▸ **What this task involves**: In your copy, include every line of the listing below exactly but none of the pictures.

▸ **Available data**:

═══

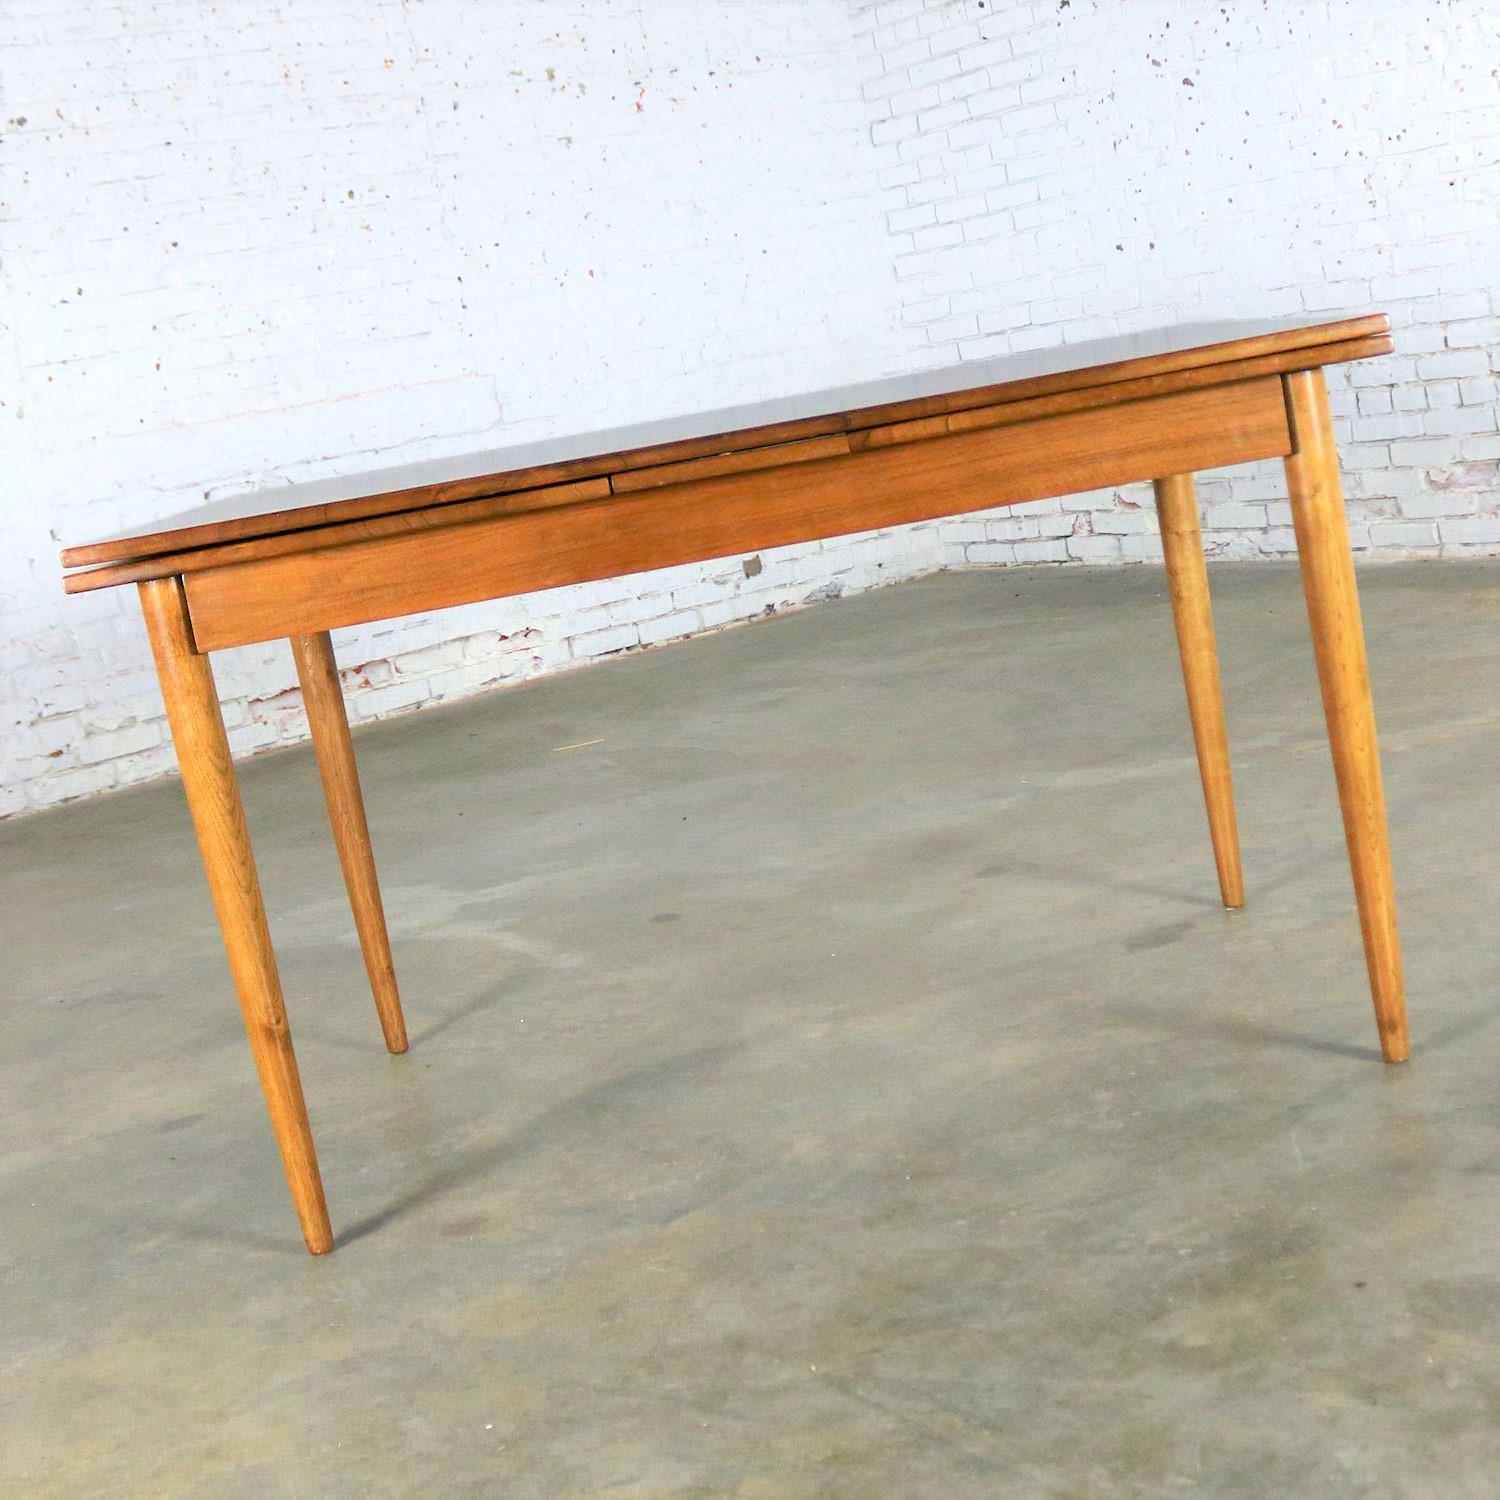 Handsome Mid-Century Modern draw leaf and extending dining table after Conant ball. It is in good vintage condition. We believe it to have been refinished at some point in its life and there is a small spot of missing veneer on the bottom edge on
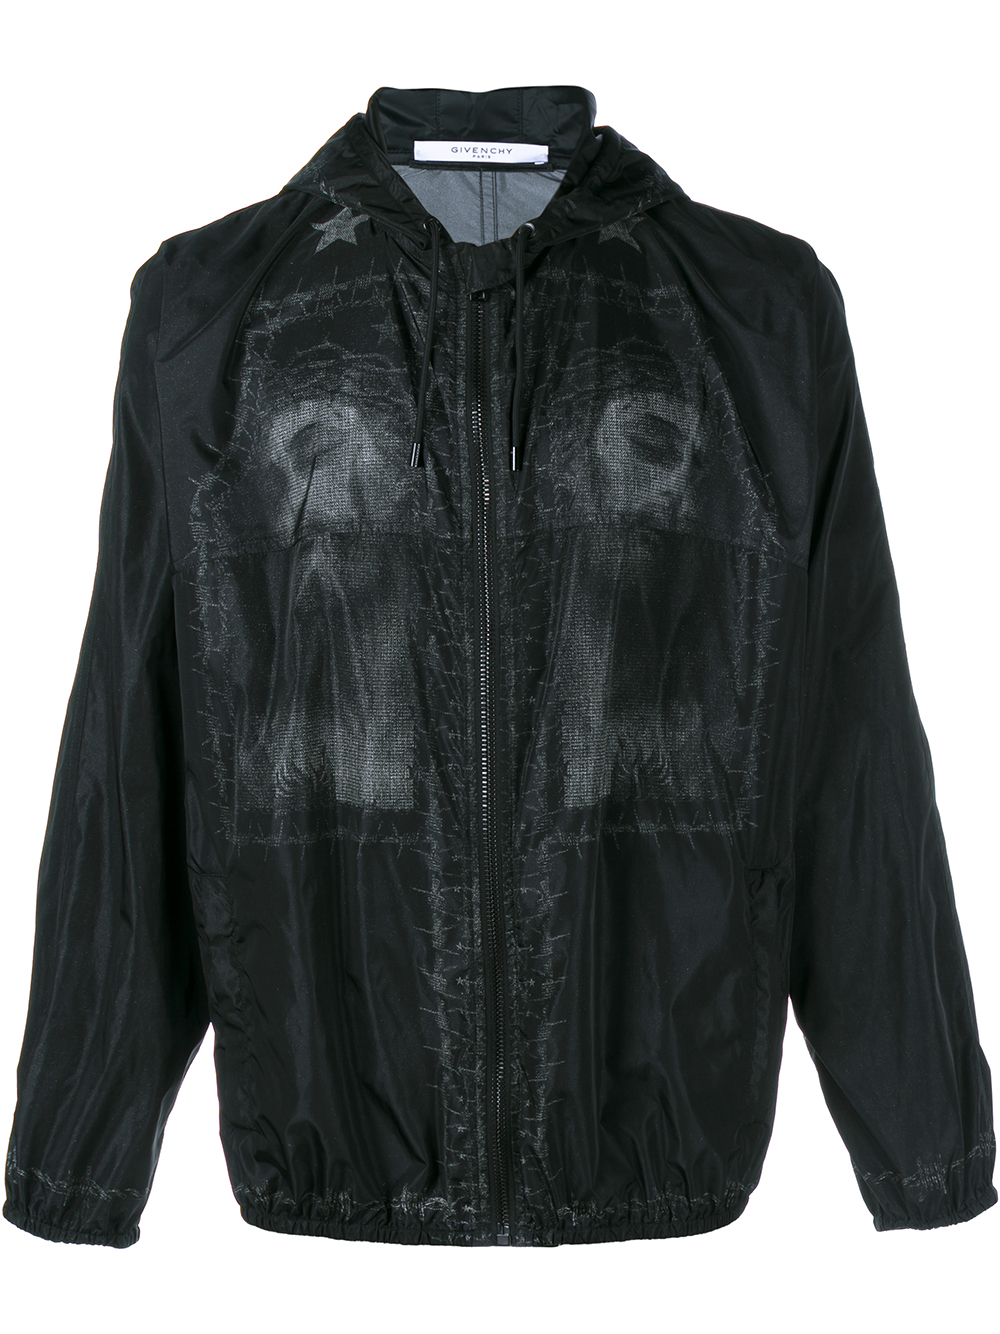 Lyst - Givenchy Barb Wire Jesus Print Windbreaker Jacket in Black for Men
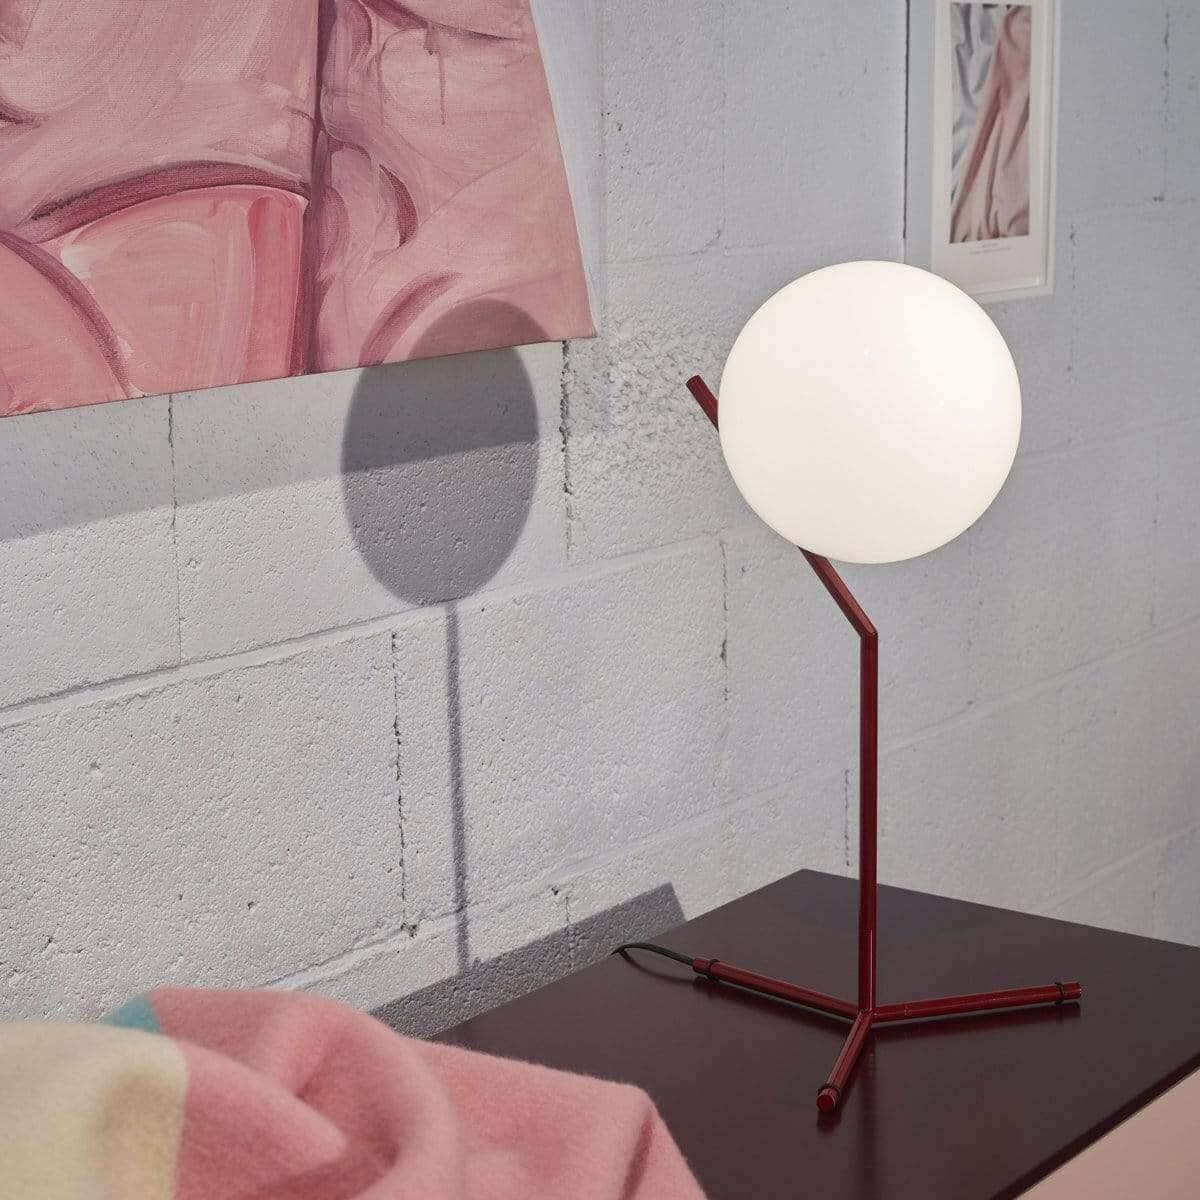 IC Lights Table - T1 High - Curated - Lighting - Flos

═══

▸ **Result for this exercise**:
 Handsome Mid-Century Modern draw leaf and extending dining table after Conant ball. It is in good vintage condition. We believe it to have been refinished at some point in its life and there is a small spot of missing veneer on the bottom edge on
 Lyst - Givenchy Barb Wire Jesus Print Windbreaker Jacket in Black for Men
 IC Lights Table - T1 High - Curated - Lighting - Flos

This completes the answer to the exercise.